Bogotá: Ediciones Vestigio. 2020. 119 páginas.
En Un objeto afilado, poemario de la escritora brasilera Alexandra Maia, hay una chispa de insatisfacción que crea una tensión entre lo que se es y lo que se anhela. Leer estos poemas es observar el movimiento de las placas tectónicas del deseo. Estos textos deseantes no ejercen control sobre lo que describen y evocan, no son una representación ordenada del querer algo más. El poema no es el sometimiento del lenguaje al deseo expresivo, es una exploración de la palabra y el silencio como canales de ventilación de algo que habita adentro y palpita. El escritor angoleño Ondjaki lo resume bien en el poema-epílogo que cierra el libro: este libro abre y defiende un espacio poético para los “los materiales no domesticados”.
Estos poemas son como fogatas con voluntad propia, con el anhelo del incendio detrás de cada brillo. Con todo, son resistencias ambiguas a la oscuridad, hay una tensión con ella, pero siguen necesitándola para crear una imagen, un sentido. La relación entre las palabras y los silencios no es excluyente. El silencio es el momento previo al inicio del poema, es su presagio; contiene el germen de lo que comenzará a ser. Aunque el sentido no sea algo claro y permanezca oculto, la escritura lo persigue; en “De las mil palabras” leemos: “De las mil palabras/ que me piden que diga/ vive en el silencio la más pura de ellas”.
En este camino por encontrar el sentido de las palabras, el poema se convierte en una visión que permite acercarse al mundo. No trata de traducir o representar con claridad experiencias o sentires, reconoce la distancia entre vivir y nombrar. A pesar de que el poema no es un recipiente estable para la vida, la voz confía en él y señala en “Biopsia”: “en la cavidad del verso esculpo esta ausencia por no saber vivirla”. Incluso llega a decir, más adelante, en un poema sin título: “Deseo un poema / como quien nace”; el poema se convierte en una manera de ser, un método de existencia en el mundo. Con todo, es un ejercicio ambiguo. No sabemos si el poema permite explorar zonas oscuras e inexploradas en búsqueda de algo nuevo, o si sólo permite volver la mirada a territorios interiores para reencontrar cosas que había escondido dentro de sí. Leer a Maia es recordar que la poesía siempre implica cierto desdoblamiento. En estos versos la voz vuelve a ella misma y a su pasado como si fueran ajenos y los redescubre, les da una nueva vida.

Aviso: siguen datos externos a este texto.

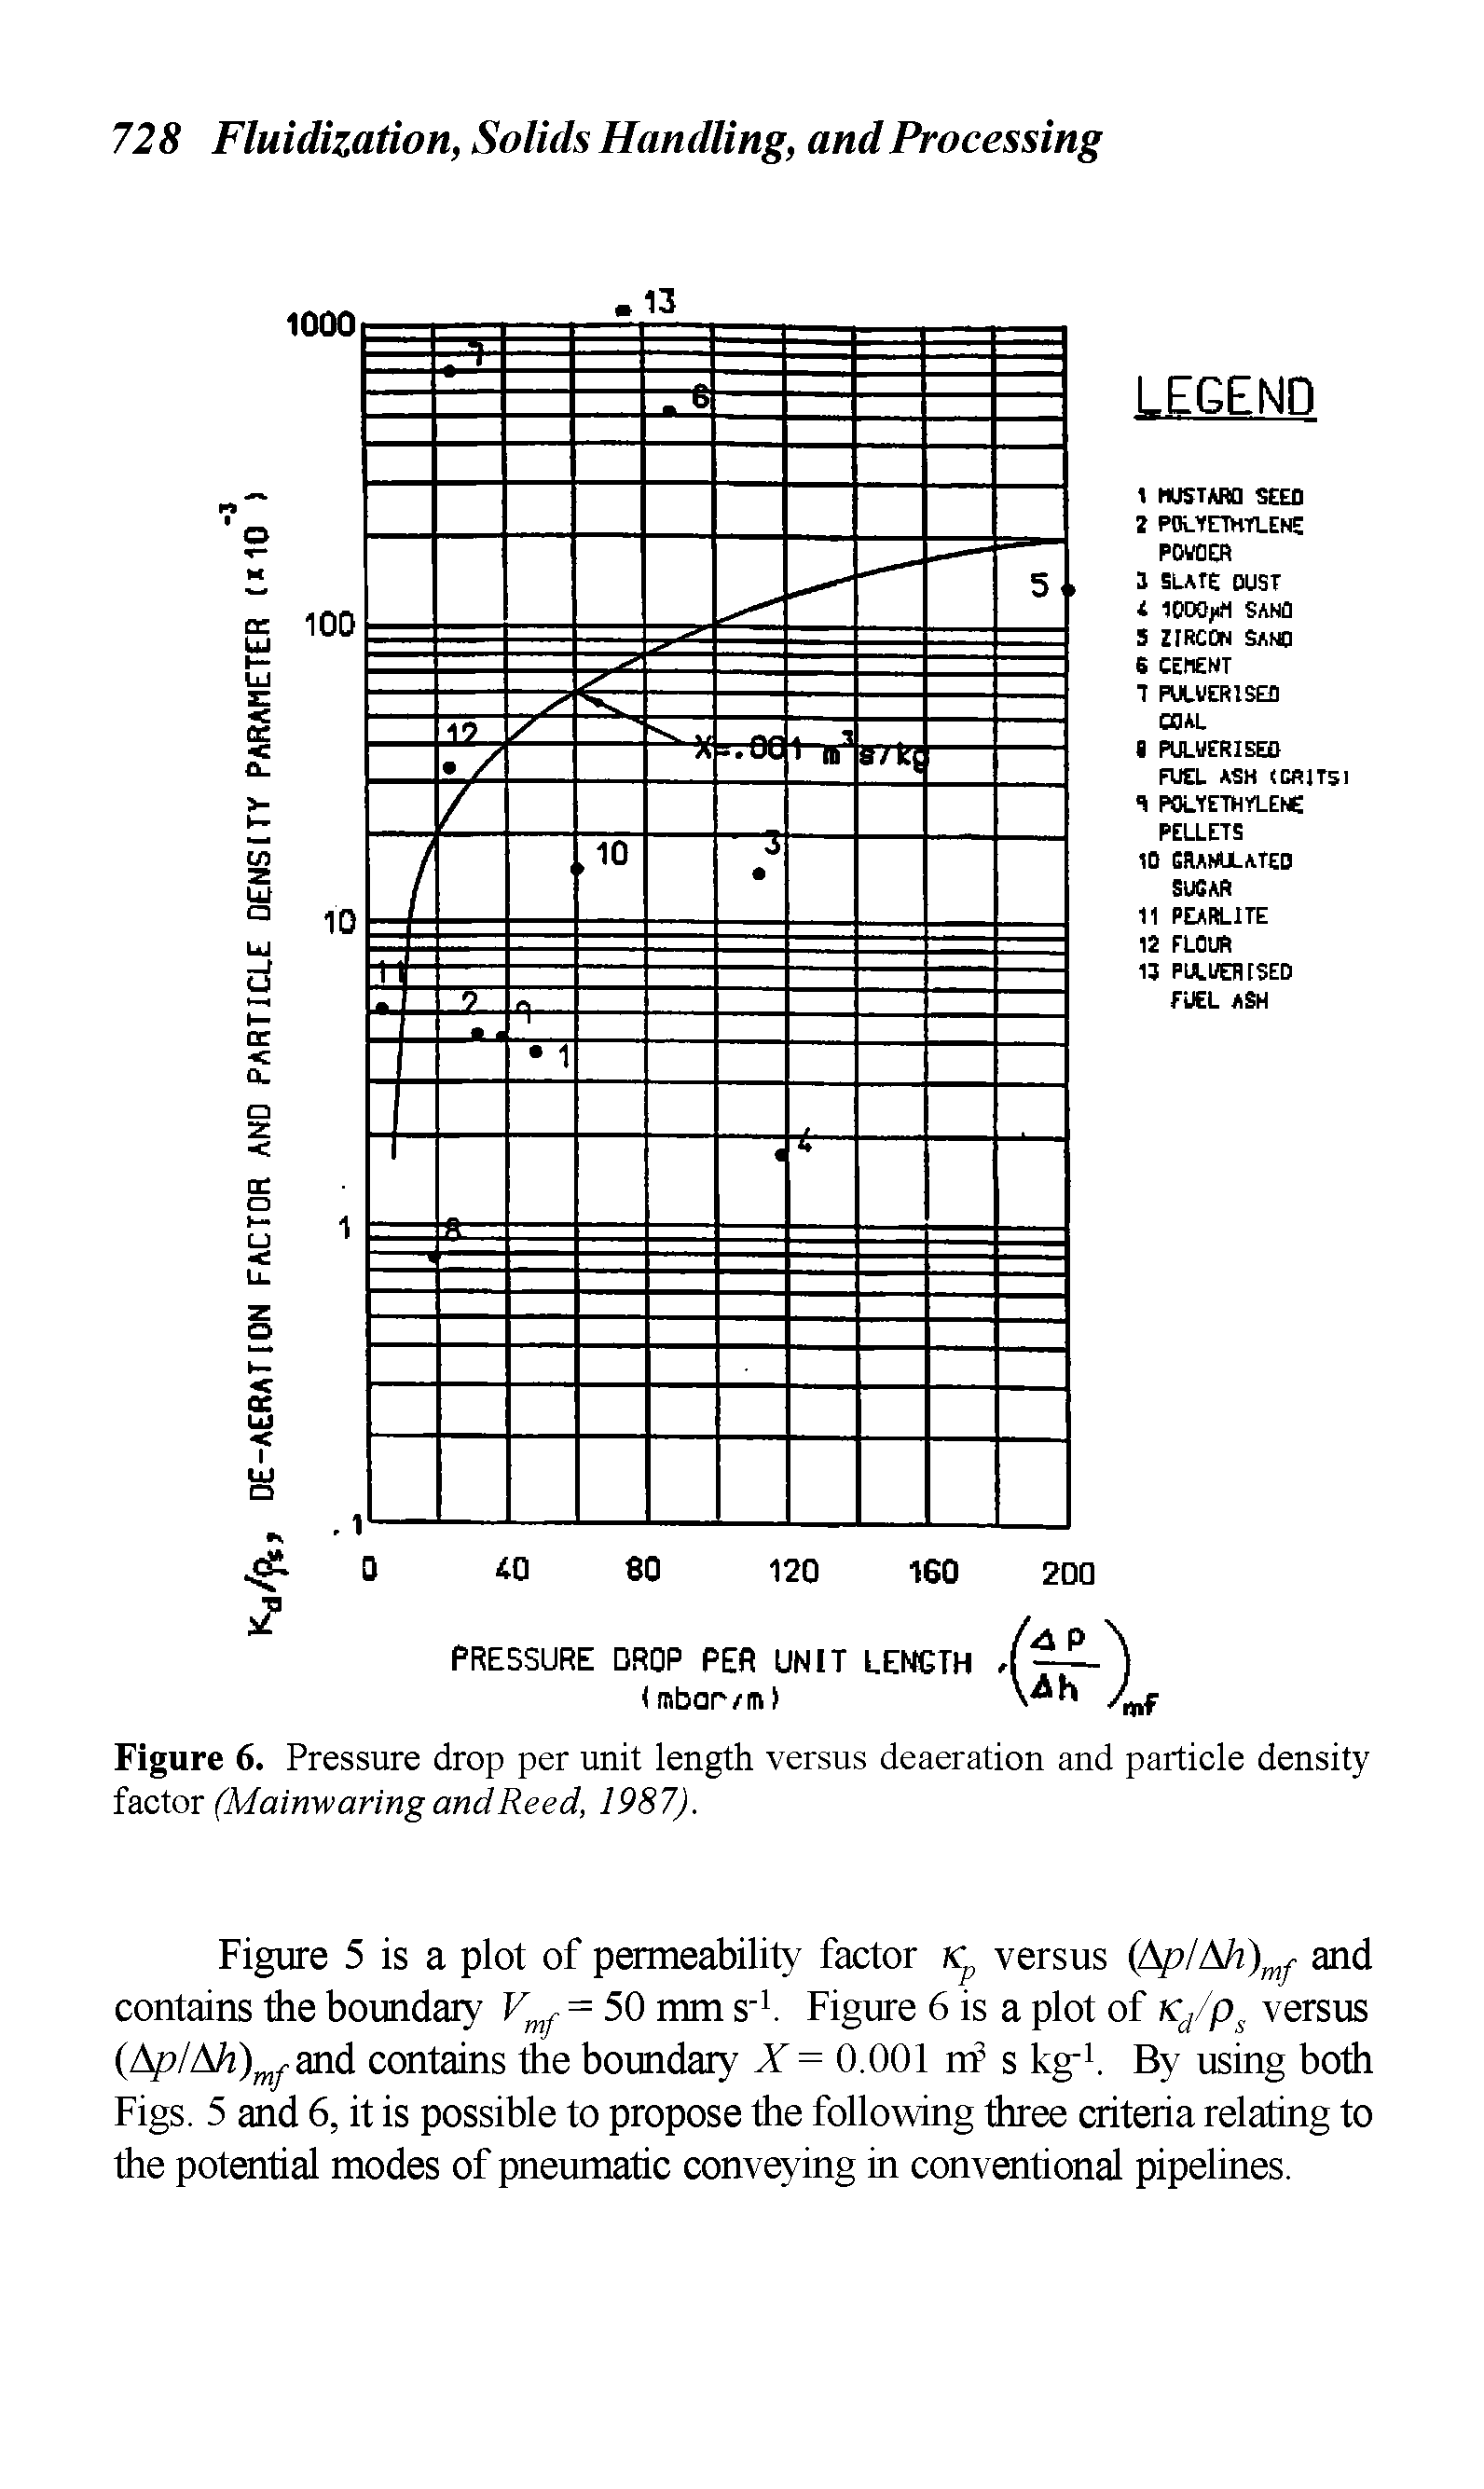 Figure 6. Pressure drop per unit length versus deaeration and particle density factor (Mainwaring and Reed, 1987).

Aunque en este libro parece que el verso alcanza un potencial trascendente, algunos poemas vuelven la mirada sobre quien los lee y generan, en pocas líneas, el efecto de una producción audiovisual que rompe la cuarta pared que divide lo representado del espectador. Se construye un mundo lleno de vida sólo para mostrarnos quién o qué da cuerda al mecanismo del juguete que imita la vida sin tenerla. Hay una tensión entre construcción y destrucción: los mensajes se autodestruyen, no acaban de llegar a nosotros en la lectura y ya están despareciendo. Estos poemas dan vida a las cosas para dejarlas morir o incluso matarlas.